Which took under a half hour. Once I have gene expression levels (be they FPKMs or otherwise) I next move into some version of my gene expression QC pipeline, which I won’t repeat here.

step 6. coverage plotting

In my particular project, we have a couple of different research questions, some of which revolve around gene expression (hence Cufflinks or some other tool, above) and others of which will require some custom scripting to look at coverage around particular splice sites and polyadenylation sites. Therefore among other things I want to calculate read depth for a region of interest, which I do here using BEDtools.

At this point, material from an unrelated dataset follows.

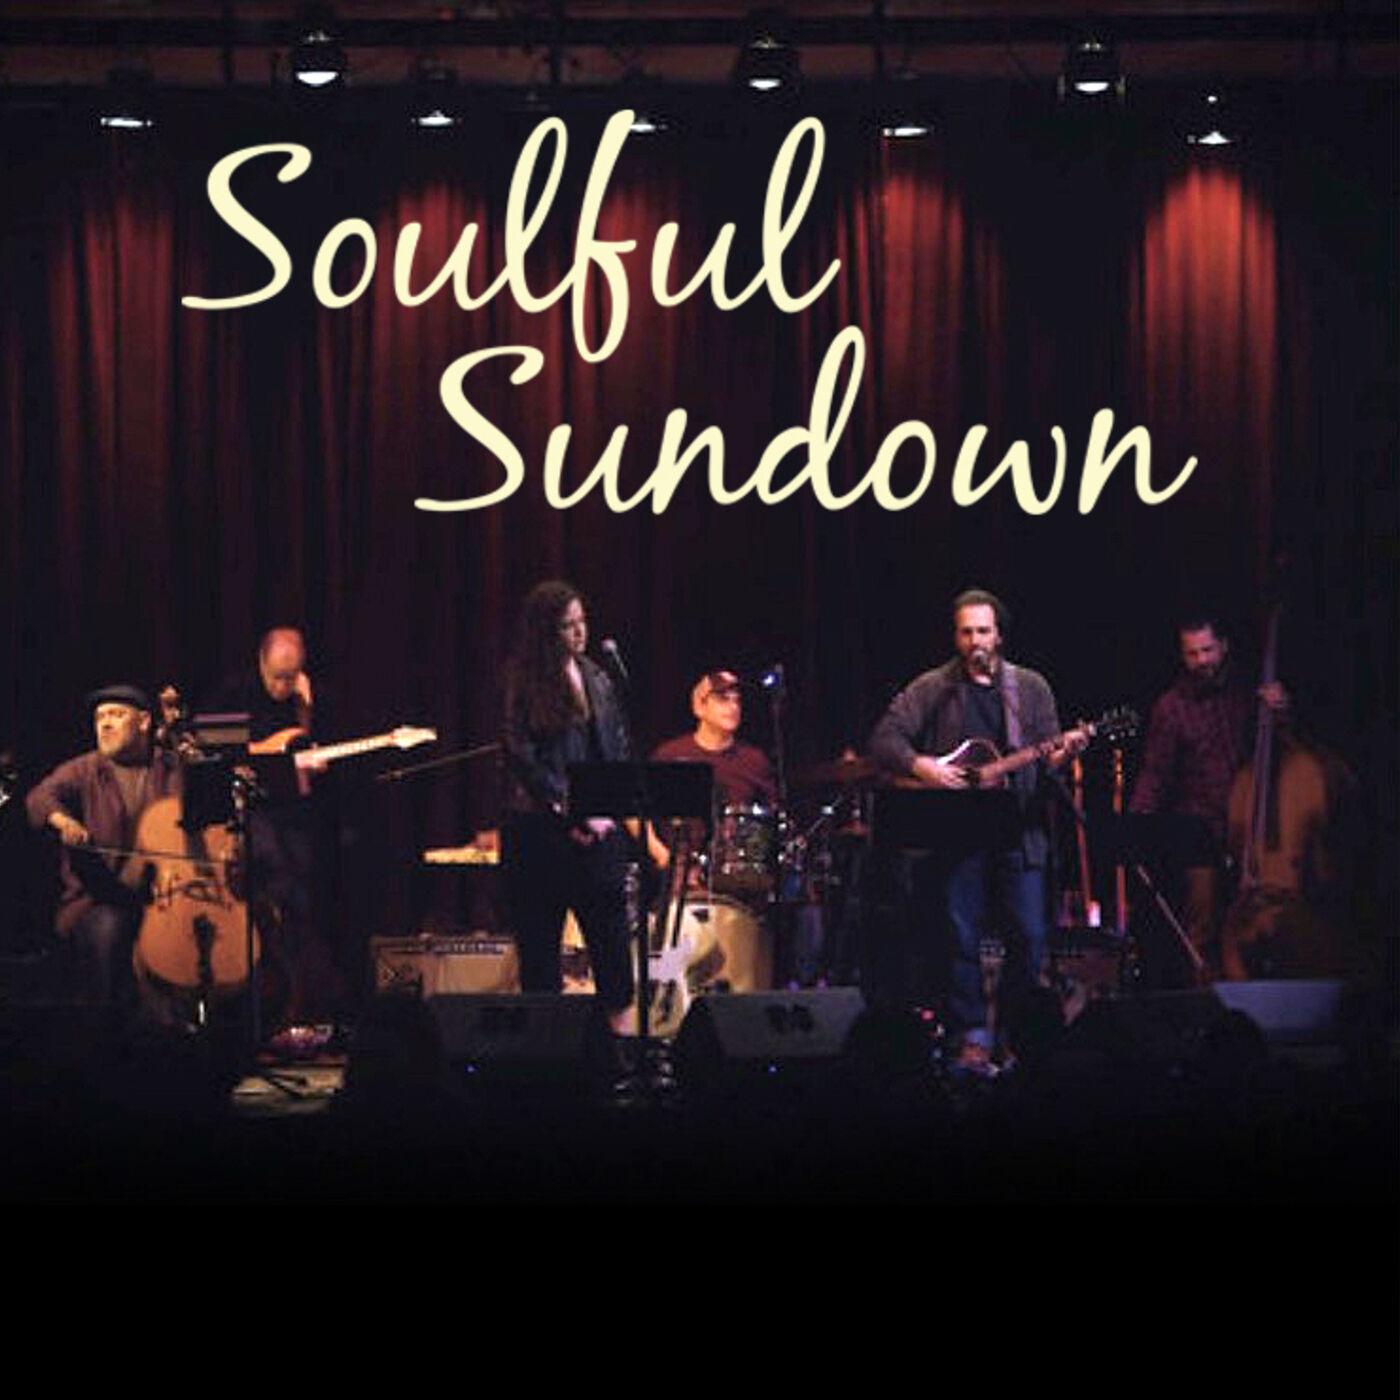 Soulful Sundown: The Future Beckons

First I need to create a BED file listing the genomic regions I’m interested in. In this case, I want mouse huntingtin (called Hdh or Htt depending on who you ask) as well as the knock-in construct that I added to my reference genome.

cat > htt.bed
5	34761743	34912534
Hdh_Q_ki_construct	0	799

And then I use BEDtools coverageBed:

bamfile=gsnap/1/srtd/test.bam.srtd.bam # first try on my small "test" file
coverageBed -abam $bamfile -b htt.bed -split -d > $bamfile.htt.cov 
# assuming the above test worked ok, then:
for bamfile in *.bam
    bsub -m general -q medium -W 02:00 "cd /my/working/dir/; coverageBed -abam $bamfile -b htt.bed -split -d > $bamfile.htt.cov"

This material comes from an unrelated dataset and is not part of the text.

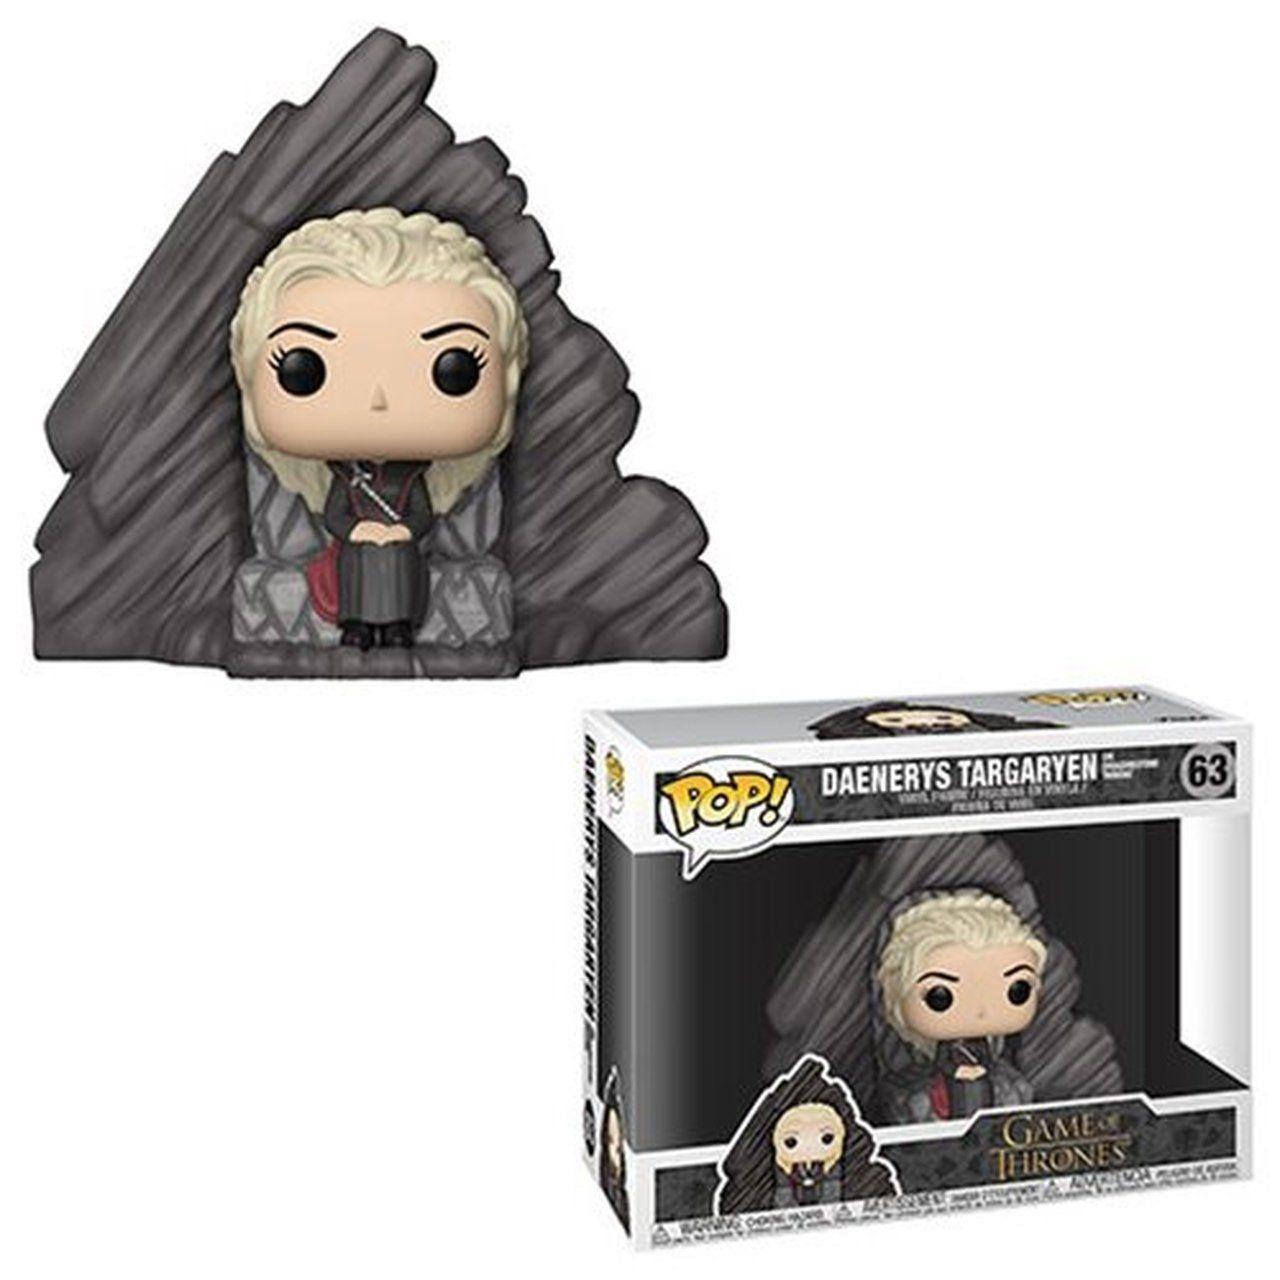 Funko Pop! Daenerys on Dragonstone Throne: Game of Thrones #63 - Funko

Each job takes < 1 hour (I set the wall limit to 2h just to be safe.) Note the use of two options here. -d gets base pair depth at every single base of the features of interest. -split is essential for RNA-seq: when a read is split over two exons, -split prevents it from contributing to coverage calculations for the spanned intron.

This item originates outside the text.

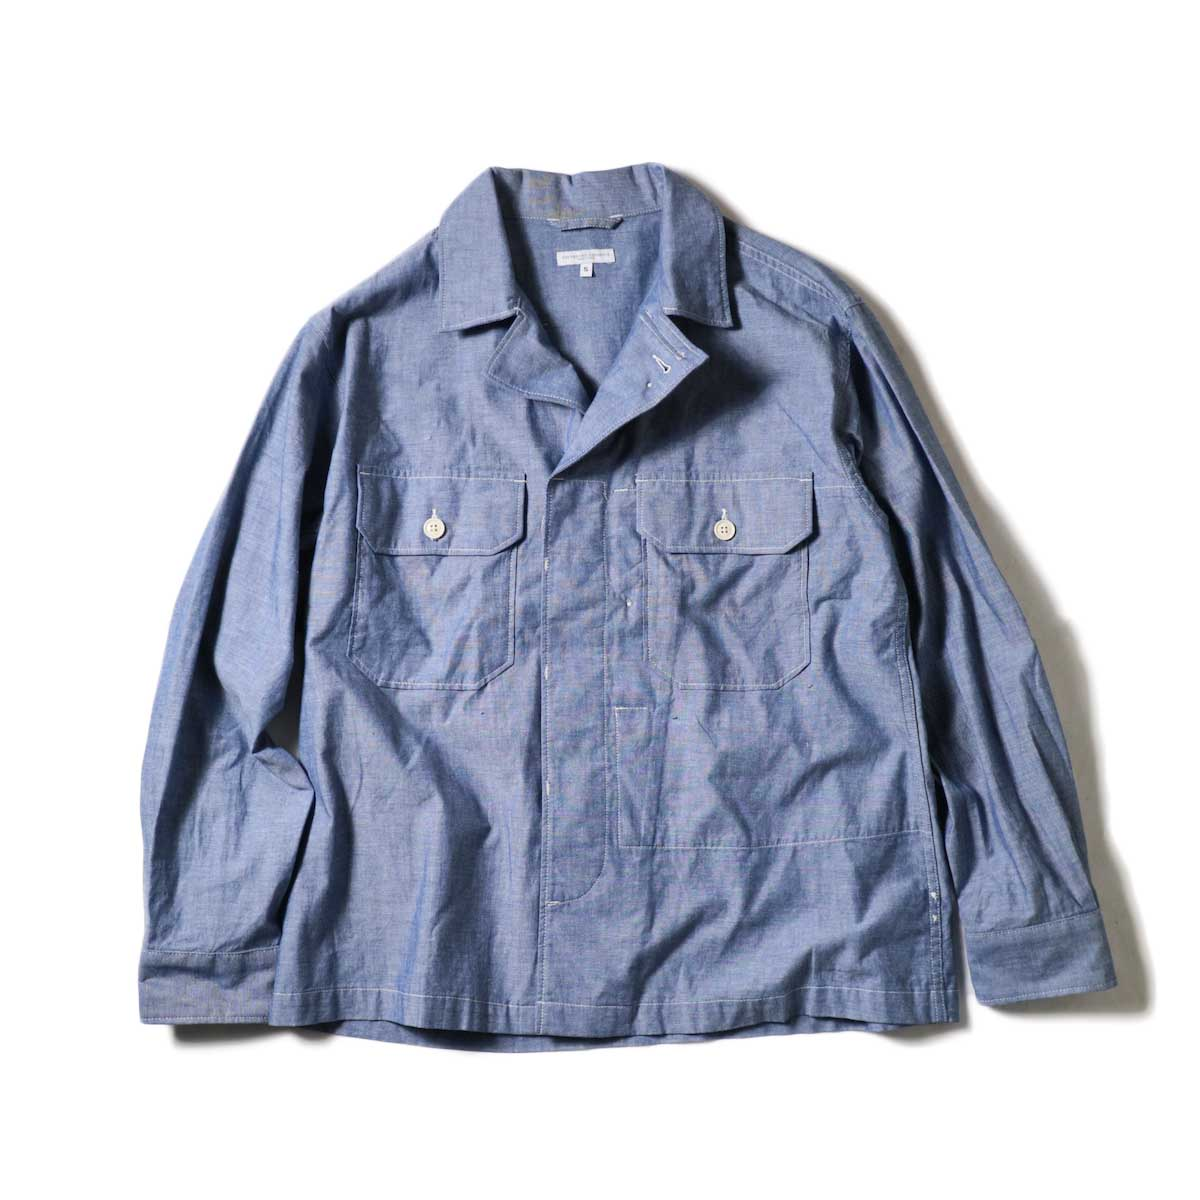 Engineered Garments / MC Shirt Jacket -Cotton Chambray (Blue)フラップ開

The coverageBed -d output gives me five columns, which I’ll refer to as (in order): contig, start, stop, relindex, and depth. Each row just describes the depth at one particular base located at contig:(start+relindex), so all the information here can be expressed in just 3 columns (contig, start+relindex, depth). Moreover, I’ve just created 192 coverage files for 192 samples, all in exactly the same format, so I can just combine these into a matrix and save a lot of space. Here’s how:

mkdir ../combined
mkdir ../1col
# create a file to hold just the contig and base columns
cat > ../combined/locations.txt 
contig base
cat test.bam.srtd.bam.htt.cov | awk '{print $1" "$2+$4}' >> ../combined/locations.txt
# now create a 1-column version of all the coverage files
for covfile in *
  echo $covfile | awk -F"." '{print $1}' > ../1col/$covfile.1col # add a header row with the sample name (and some extraneous stuff)
  cat $covfile | awk '{print $5}' >> ../1col/$covfile.1col # add just the depth column ($5)
# paste them all together
paste ../combined/locations.txt ../1col/* > ../combined/allsamples.cov # paste all the samples together into a matrix
# remove clutterfiles
rm ../1col/*

You can then pull allsamples.cov into R and plot depth vs. base pair position for any sample (or combination of samples).


I’m not including any downstream analysis here because I wanted to keep this general. This was just a quick overview of how I’ve been aligning reads and getting coverage and expression levels. I hope it’s useful and I welcome any feedback.